There are institutions dedicated to her memory. I occasional go to the website for the Hannah Arendt Center for Politics and Humanities, and it seems that they are focused on parroting every luxury belief of the ruling class. Arendt herself was made of sterner stuff, and she showed her independence of mind in ways that sometimes alienated others. She lost friends over her book Eichmann in Jerusalem, which was first published serially as reportage from the trial of Adolf Eichmann, and later turned into a book. She made a number of historical claims that many considered controversial, and she did so in a spectacularly public way that drew widespread condemnation, but she didn’t bend. There is a 2012 film about Arendt that largely covers this period of her life, which is, as far as my knowledge extends, historically accurate, and I recommend seeing it.

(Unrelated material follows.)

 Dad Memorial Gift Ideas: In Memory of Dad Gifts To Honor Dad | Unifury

Arendt’s political thought is no doubt where she has been most influential, but she also wrote many books of general philosophical interest, and many of these touch on philosophy of history. I personally find it difficult to read Arendt. There are times I have gone over some of her texts repeatedly and I still feel like I’m missing something essential, so I go over it again, but they’re not all like this. The Origins of Totalitarianism is an historically dense book, densely packed with footnotes, and on a typical page there is as much footnote as text — still, I could follow the argument without difficulty. Eichmann in Jerusalem I found to be entirely straight-forward, and I didn’t feel I had any trouble understanding it, though to appreciate the book and the controversy it stirred up, a considerable background knowledge is necessary. Both books are as much histories as political works, and as such they supply material for philosophy of history.

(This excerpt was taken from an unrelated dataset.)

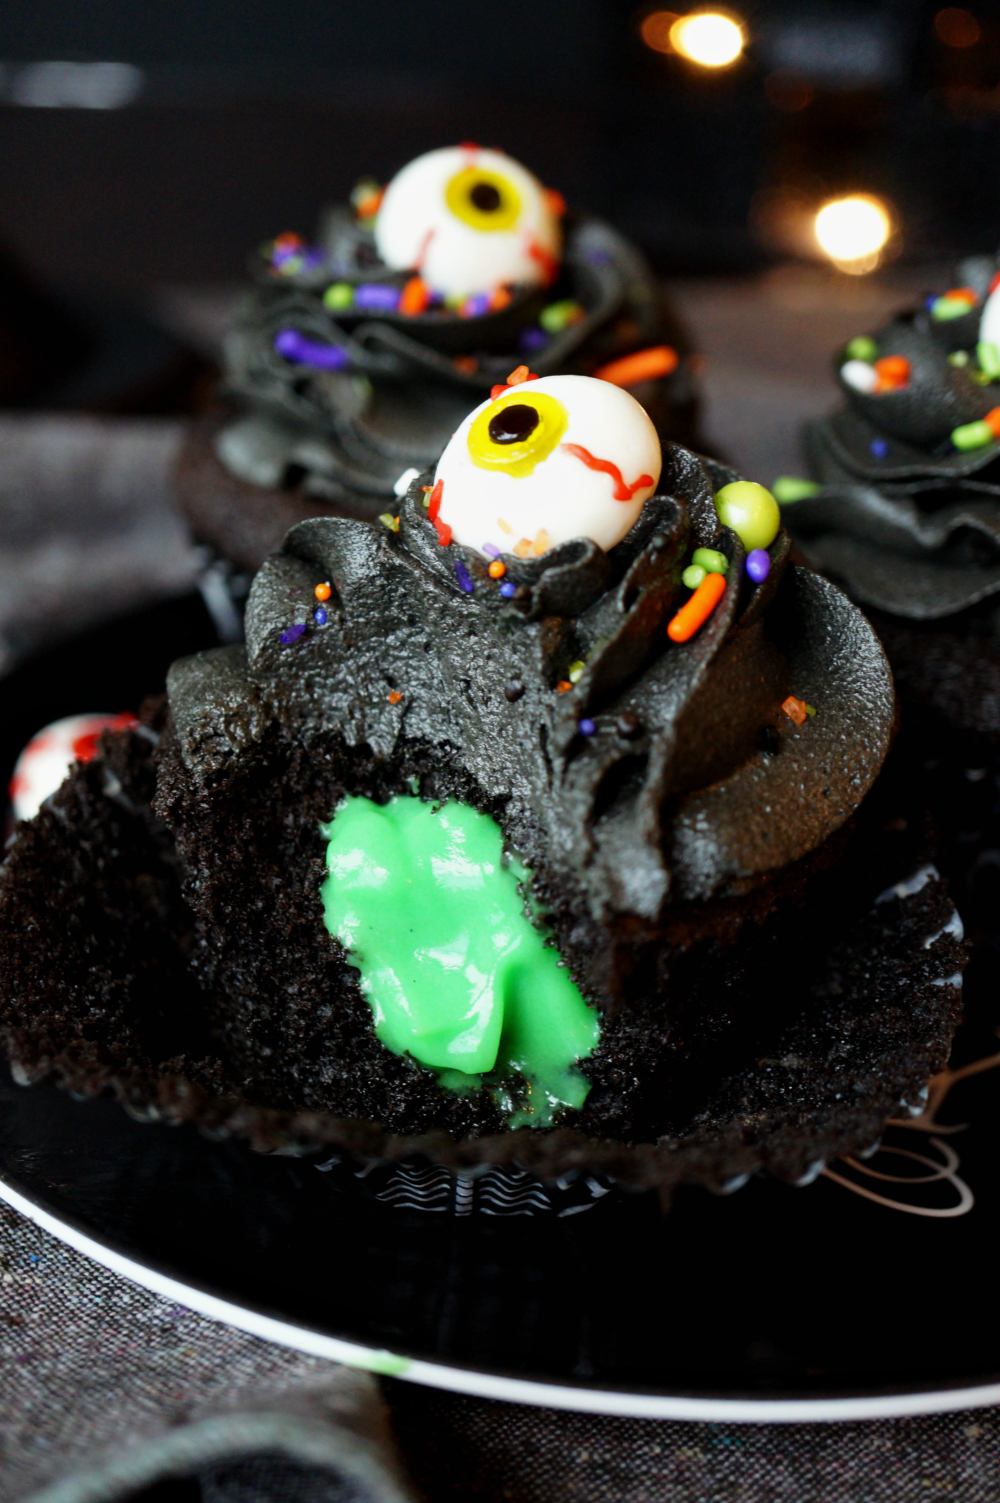 Black chocolate cupcakes with slime filling | The Baking Fairy

In particular, The Origins of Totalitarianism develops the idea of mass man, who is product of mass society. The final section of the book makes careful distinctions among solitude, loneliness, and isolation so as to clarify the distinctive isolation of mass man. The individual in mass society, the mass man, is isolated even as he lives in a crowd. There is both a left wing and a right wing critique of mass man. While Arendt’s book is a work of political philosophy, she doesn’t force her political views, as distinct from her views on political philosophy, on the reader, but if you read between the lines it it’s obvious that her understanding of the emergence of mass man is the leftist critique of mass man. I said earlier that Arendt wasn’t a Marxist, but she does adopt some of the conceptual framework of the left, and one example of this is her use of the idea of social classes in her development of the concept of mass man.
For Arendt, the traditional institutions that are demolished by mass society are traditional classes, and without this traditional class membership, the individual falls prey to, “…passionate inclination toward the most abstract notions as guides for life, and the general contempt for even the most obvious rules of common sense.” We could compare this statement to Edmund Burke’s criticism of the overly-abstract ideas of the Enlightenment philosophes, and with this we glimpse the connection to the right wing critique of mass man. However, right wing thinkers don’t use the language of mass man, but they do criticize the modern demolition of traditional institutions that mediated between the individual and the state, leaving the individual to enter into a relationship with the state alone. Here the emphasis isn’t on class membership, but on tradition. In any case, both those on the left and those on the right see in common a problem with the mass societies that emerged in the twentieth century in the wake of industrialization, but they express this problem in distinct terms. If we took the trouble, we could translate the leftist critique of mass man into the right wing critique of the loss of tradition, and vice versa. I’m not going to develop this idea here, but even the solutions the two sides offer to the problem of mass man are inter-translatable, but each is incapable of seeing themselves in the other.
In Eichmann in Jerusalem Arendt develops the idea of the banality of evil, which appears once in the subtitle and only once at the end of the book, but the theme is present throughout the book. The idea of the banality of evil is sufficiently intuitive that it shouldn’t require much exposition, but when we expect evil to be wearing horns and carrying a pitchfork, banal evil that looks like your next door neighbor can be both disconcerting and disarming. In a mass society, banal evil can gain a following in virtue of its banality, which is assumed to be inoffensive to everyone and therefore safe. I’m not familiar with anything in Arendt’s work that attempts to demonstrate a systematic relationship between mass man and the banality of evil, but it’s easy to see both as the product of mass society.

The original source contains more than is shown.